Tuesday, April 26, 2016
Fundamental Analysis: More of the same for corn on Tuesday, with speculators stepping into the market to cover their bearish short bets.  Weather worries are sparking some short-term concern for the bears.  U.S. forecasts lean price positive.  Potentially-severe storms are developing in the Southern Plains and will move into the Midwest by mid-week.  Friendly U.S. weather stories are partly offset by the rapid corn planting progress already achieved.  USDA called the crop 30 percent planted as of Sunday.  South American weather is still price positive, with corn in Brazil threatened by drought and soybeans in Argentina damaged from flooding.  That storyline is somewhat offset by more favorable two-week forecasts for the two countries.  For now, a large-scale buying campaign from the speculative crowd is offsetting lingering negativity surrounding large old-crop inventories and large acres intended for the new-crop.  

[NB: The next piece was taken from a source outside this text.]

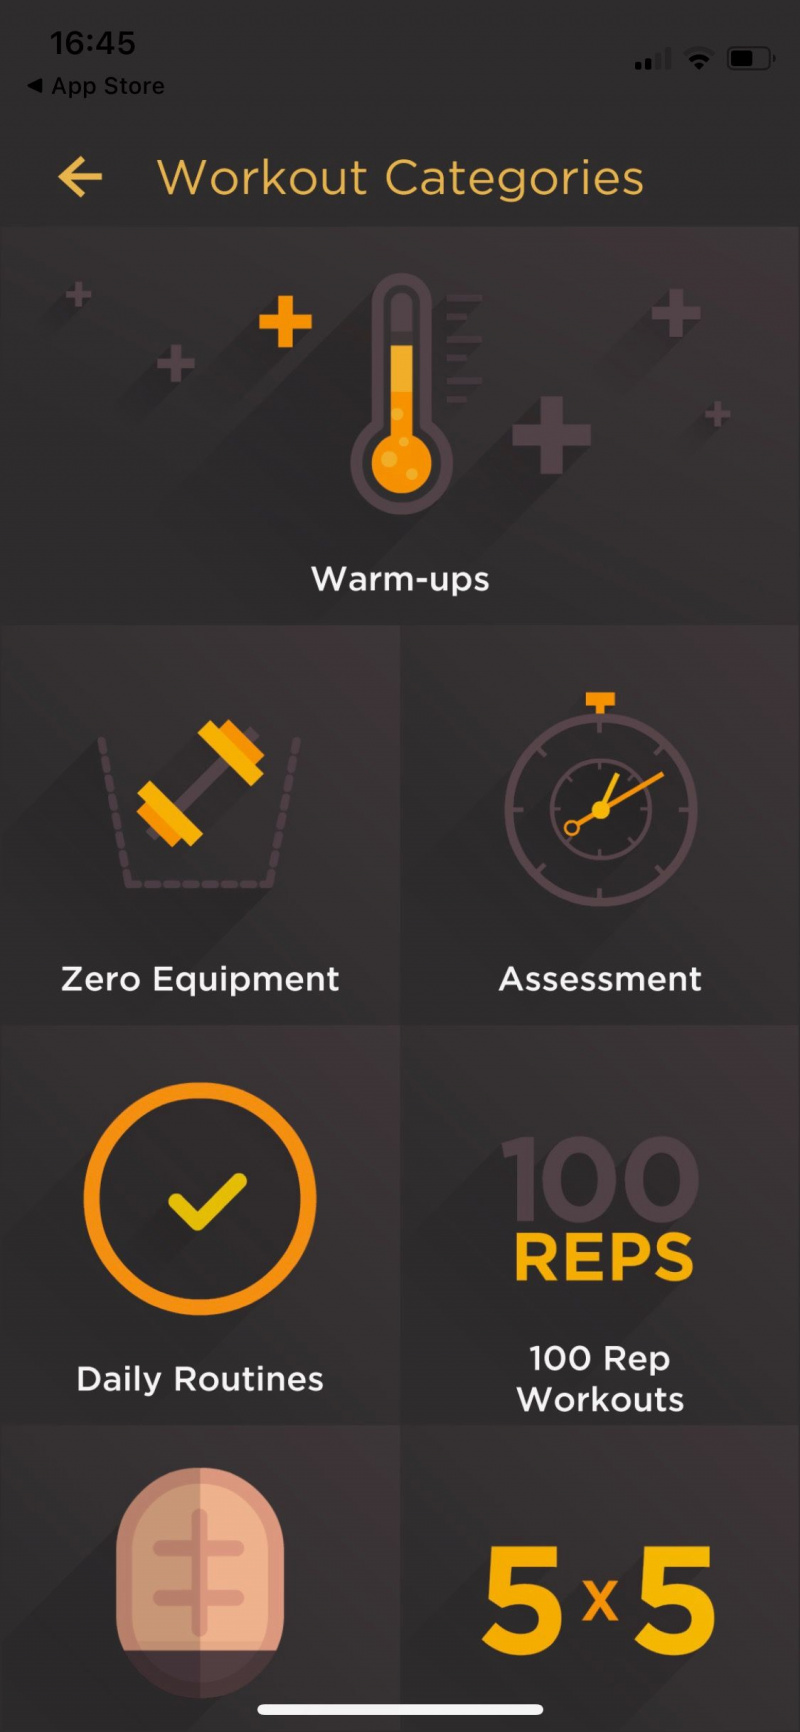   Zrzut ekranu aplikacji Al Kavado przedstawiający kategorie treningów

Tech Comment: Even with a wide trading range, corn futures still had an ‘inside day’ on the charts.  Just ahead is resistance from the 200-day moving average, currently drifting lower from $3.88 3/4 for the July contract.  $4.00 will remain as key psychological resistance with the April 21 high of $4.07 1/4 the next potential upside stopper.  The bears still look for a deeper correction after the April rally.  While it’s possible July could drop back to where this rally started from, $3.51, it needs to close under $3.70 to indicate that might be possible.  And it wouldn’t necessarily be uncharacteristic for a market to drop back to where it started from after potentially putting in a major low, we still don’t see it as a strong possibility.  As it is, there aren’t any timing lows due until Sept. 1.  In the short term, any rebound to $3.89 will likely stall.  

Basis Trends: Gulf +44 – stdy, Eastern Corn Belt – dn 6/up 1, Western Corn Belt – dn 6/up 3.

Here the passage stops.